Question: Let $\{A_{n}\}$ be a sequence of invertible elements in a Banach algebra $\mathfrak{A}$ and suppose $\{A_{n}\}$ has a limit A that commutes with each $A_{n}$. Let $r(A_{n}^{-1})$ denote the spectral radius of $A_{n}^{-1}$. Show that $A$ is invertible if $r(A_{n}^{-1})$ is bounded.
My ideas: I can estimate:
$r(1-A_{n}^{-1} A) = r(A_{n}^{-1} (A_{n} - A)) \leq r(A_{n}^{-1}) r(A_{n} - A) \to 0.$
This shows that $(1-A_{n}^{-1} A)$ is a generalized nilpotent in $\mathfrak{A}$. But how does this imply $\| 1-A_{n}^{-1} A \| \to 0$. Or am I on the wrong track?
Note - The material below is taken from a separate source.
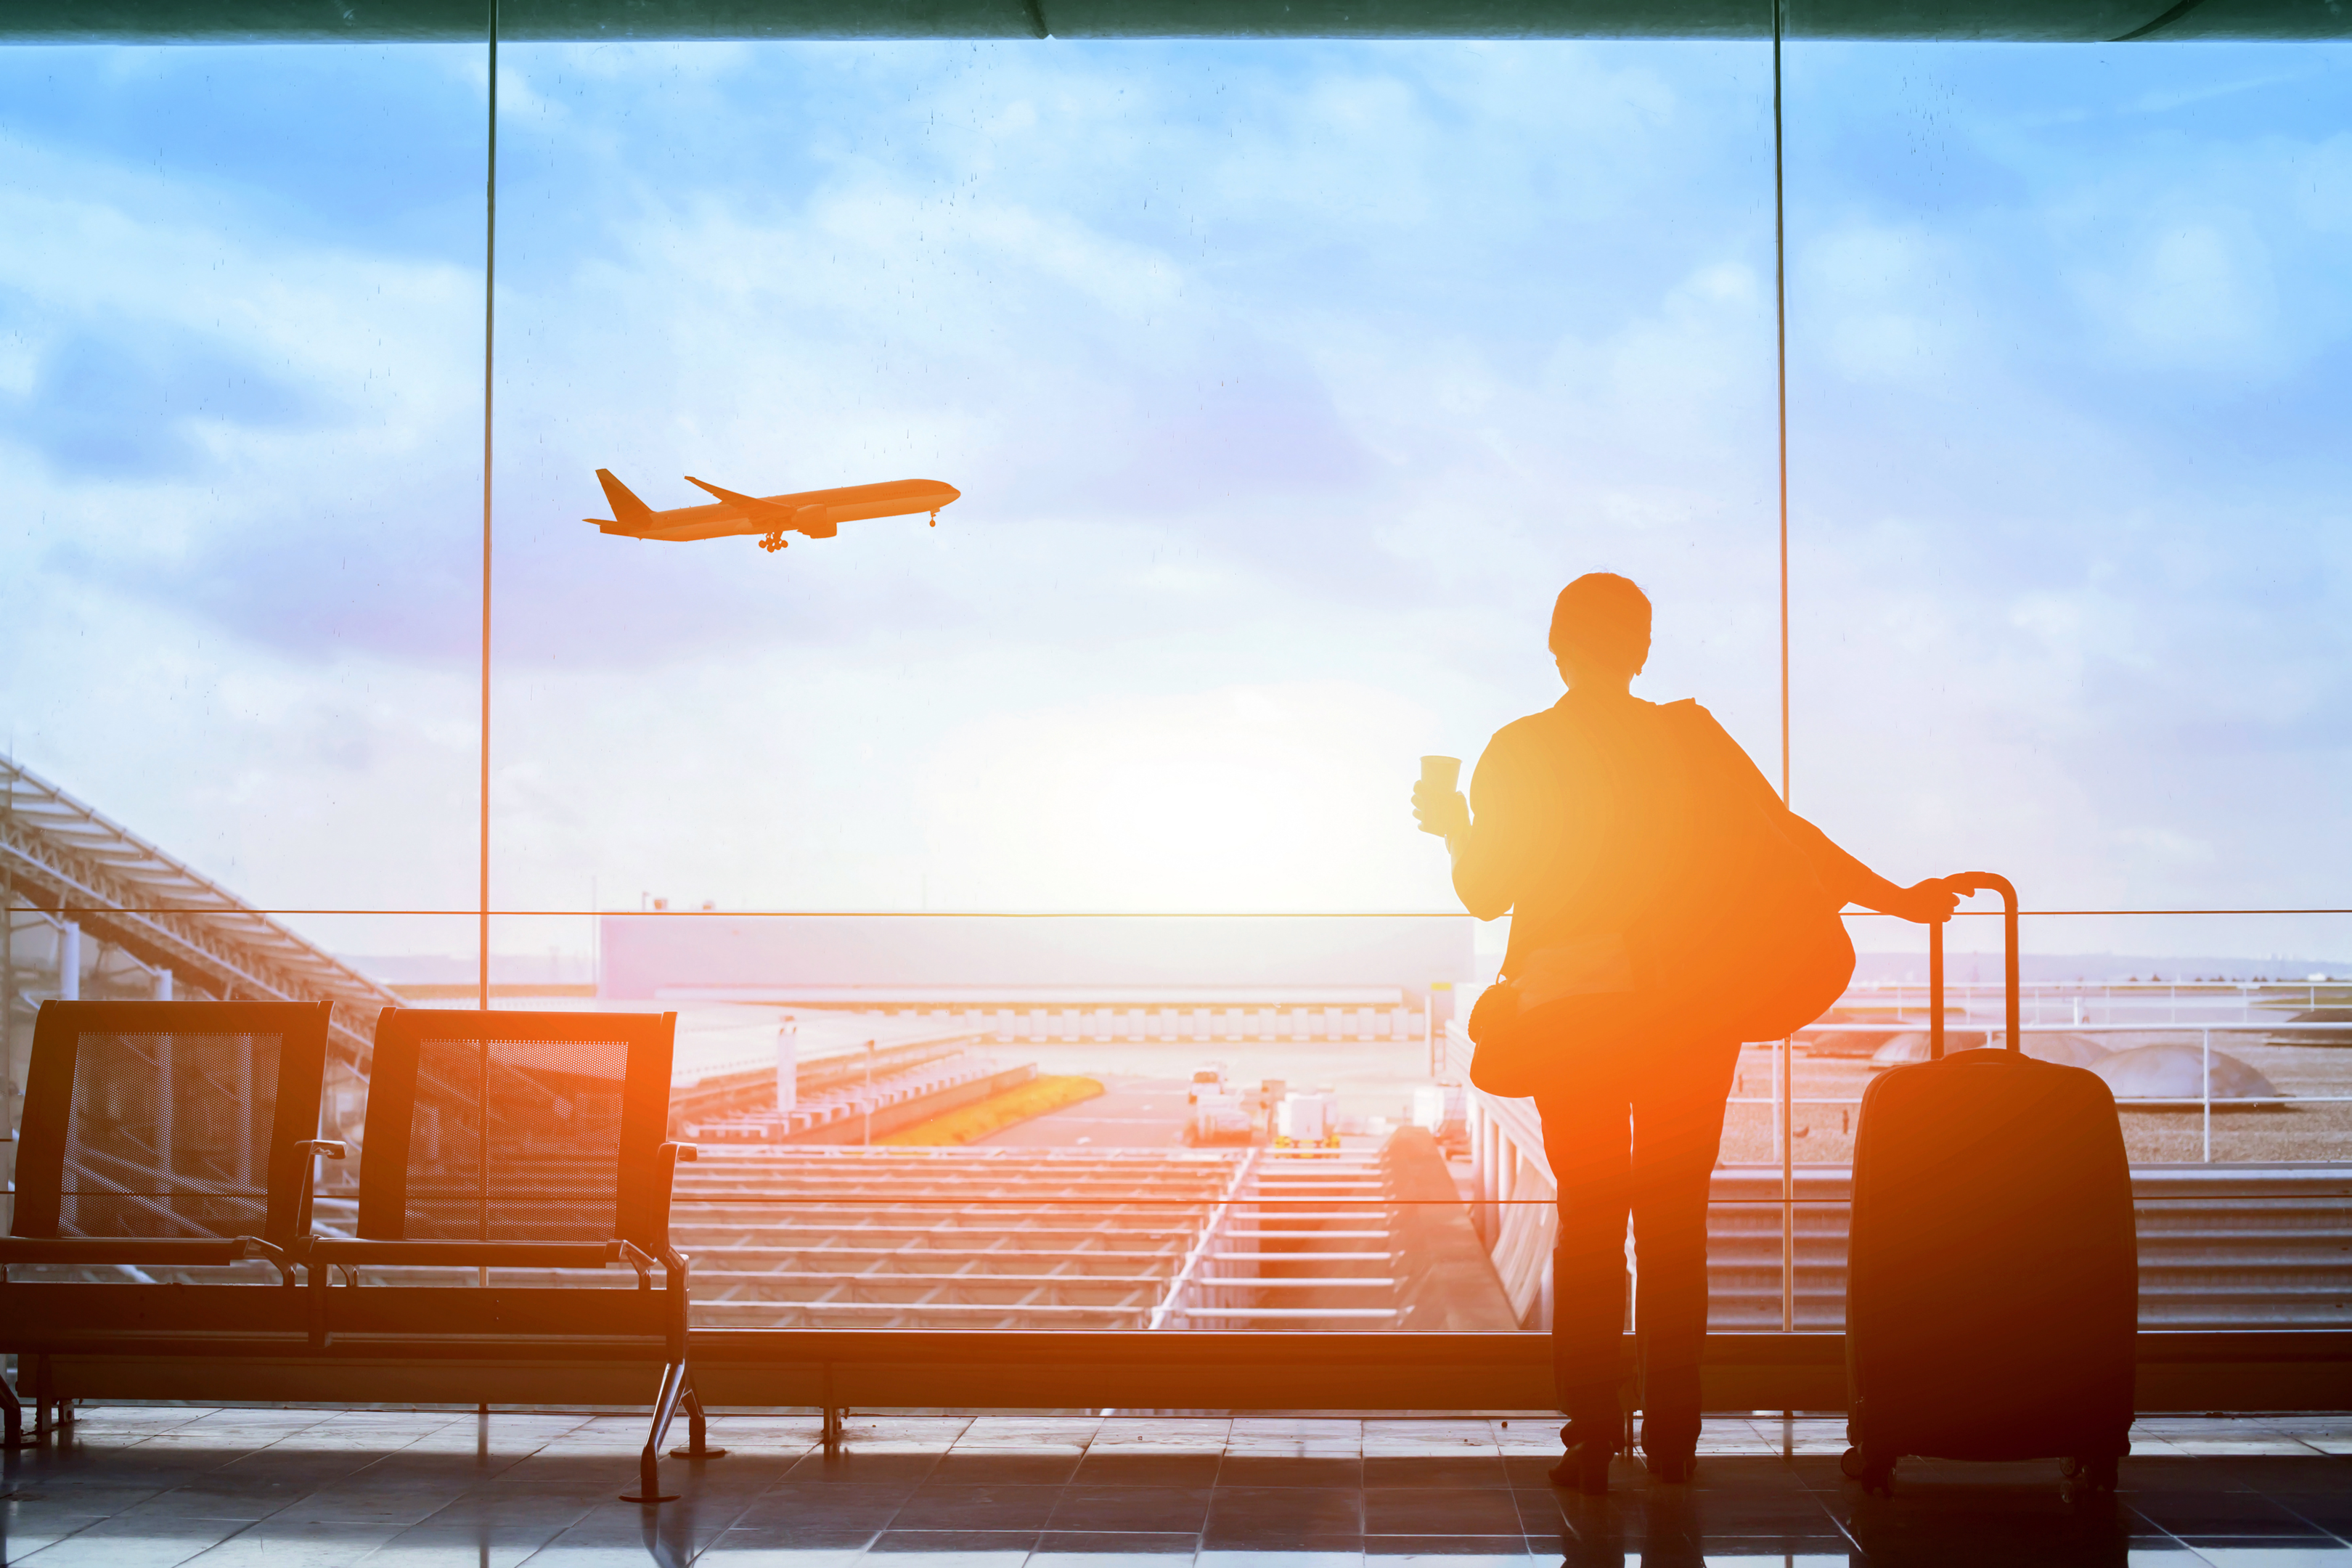 Business travelers taking corporate trips (or even personal travel) should utilize their virtual assistant to find the best deals.

I've just found an answer in the Kadison and Ringose book on "Fundamentals of the theory of operator algebras".
From the estimate that I've done, it follows that for large $n$ the spectrum of $(A_{n}^{-1} A)$ lies in a small disk with center 1. Hence, $A_{n}^{-1} A$ is invertable and so is $A$.